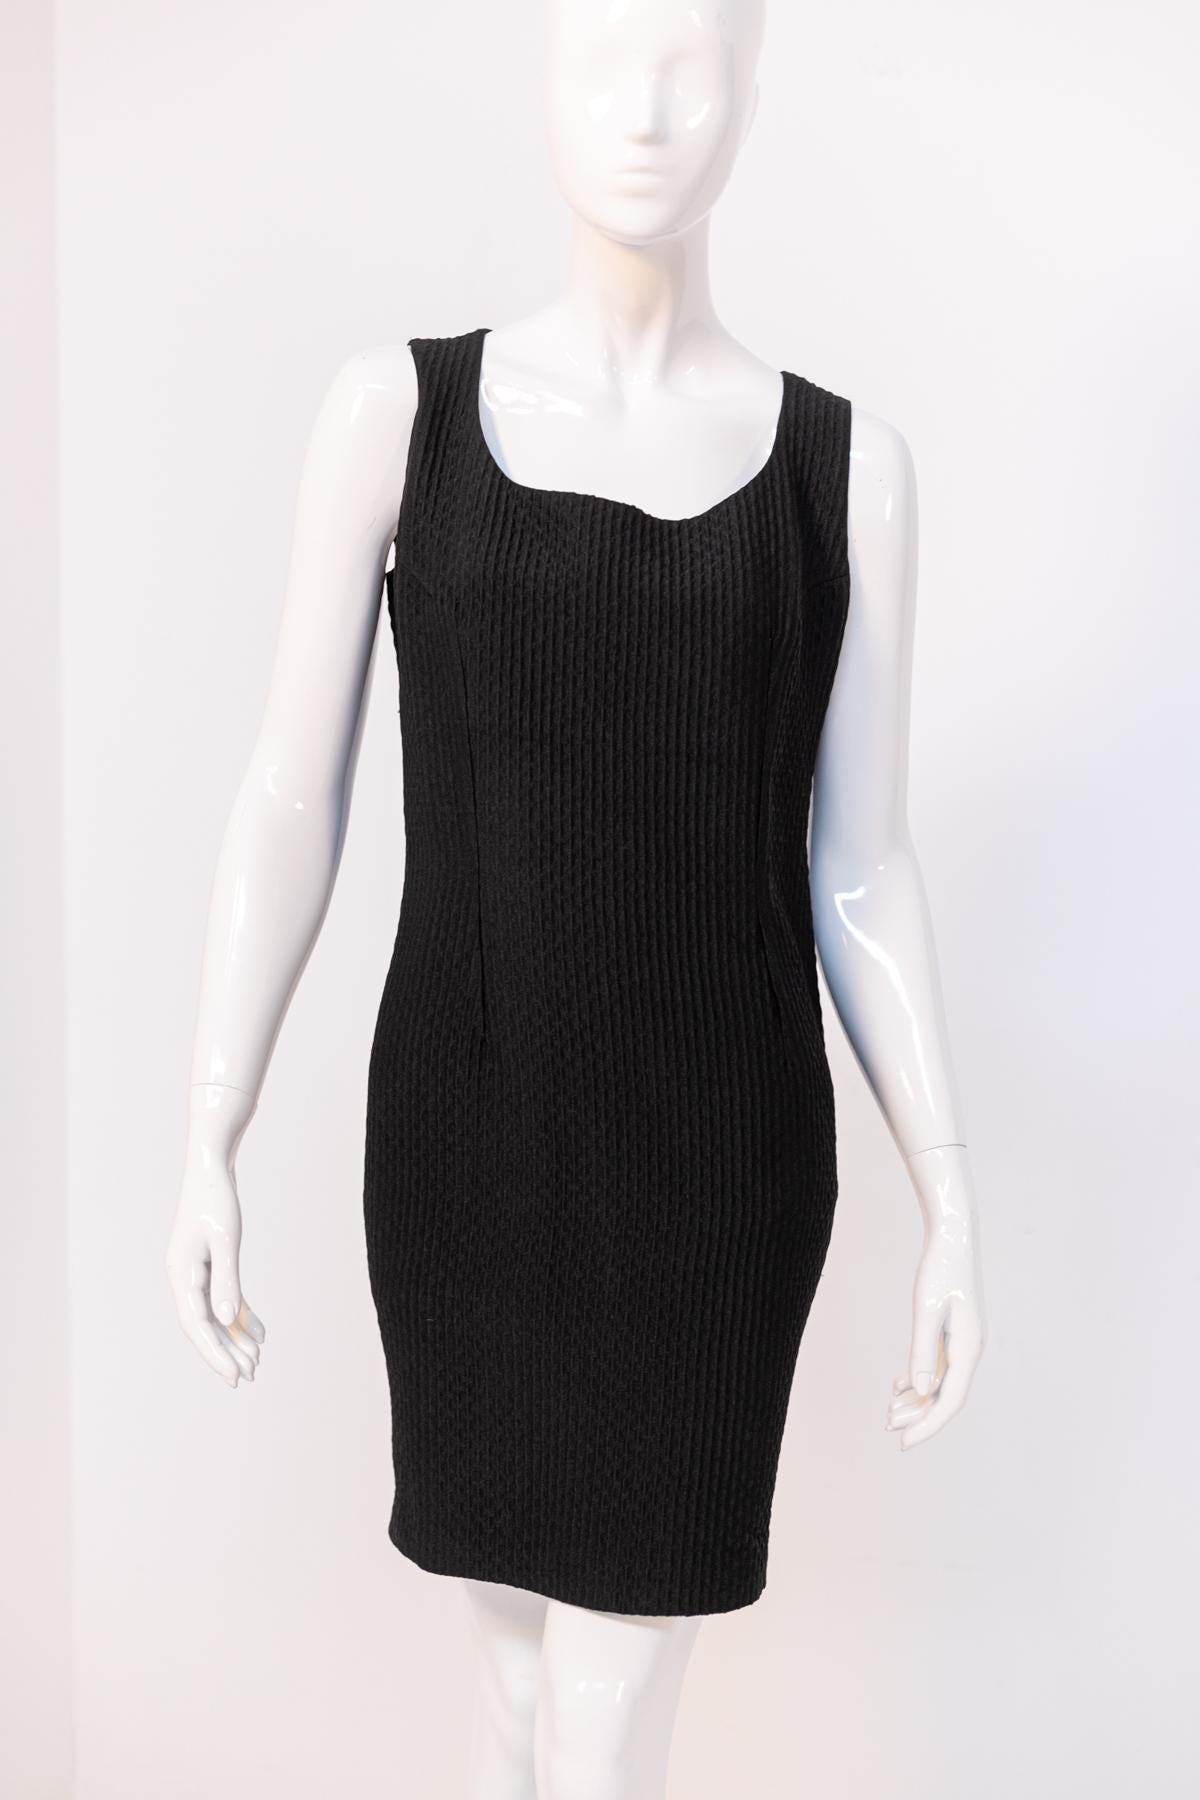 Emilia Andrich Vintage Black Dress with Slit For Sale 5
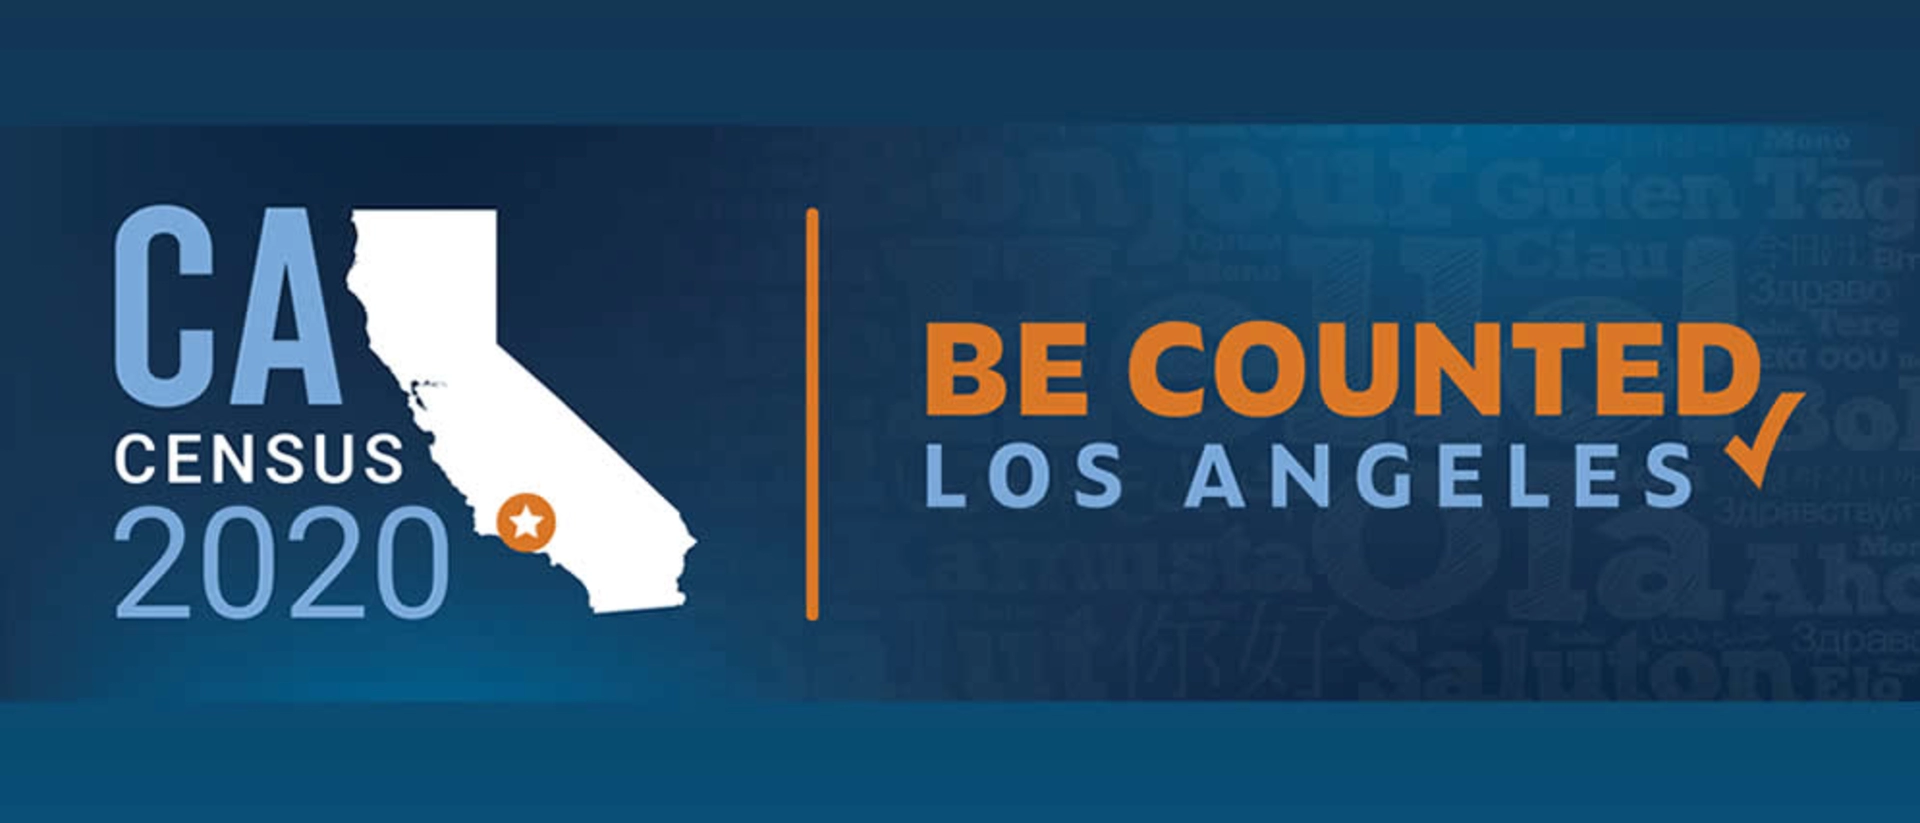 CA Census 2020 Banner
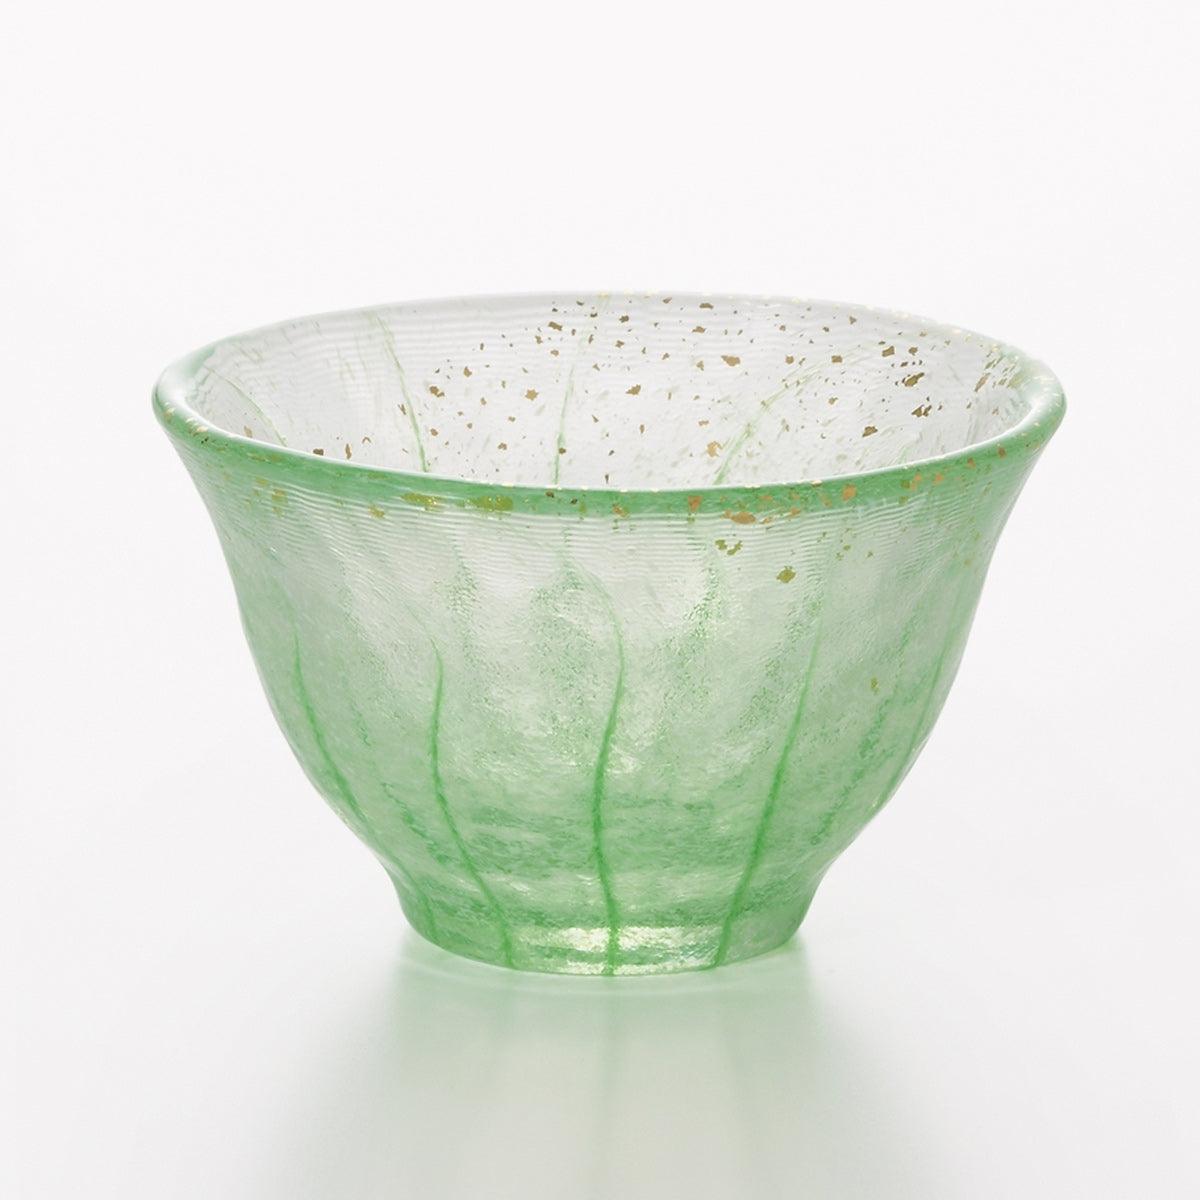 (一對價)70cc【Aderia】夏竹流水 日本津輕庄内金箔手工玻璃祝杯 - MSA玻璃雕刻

# [What you need to do]
Return the whole listing word for word, minus its pictures.

# [The completed task]
 Emilia Andrich Vintage Black Dress with Slit For Sale 5
 CA Census 2020 Banner
 (一對價)70cc【Aderia】夏竹流水 日本津輕庄内金箔手工玻璃祝杯 - MSA玻璃雕刻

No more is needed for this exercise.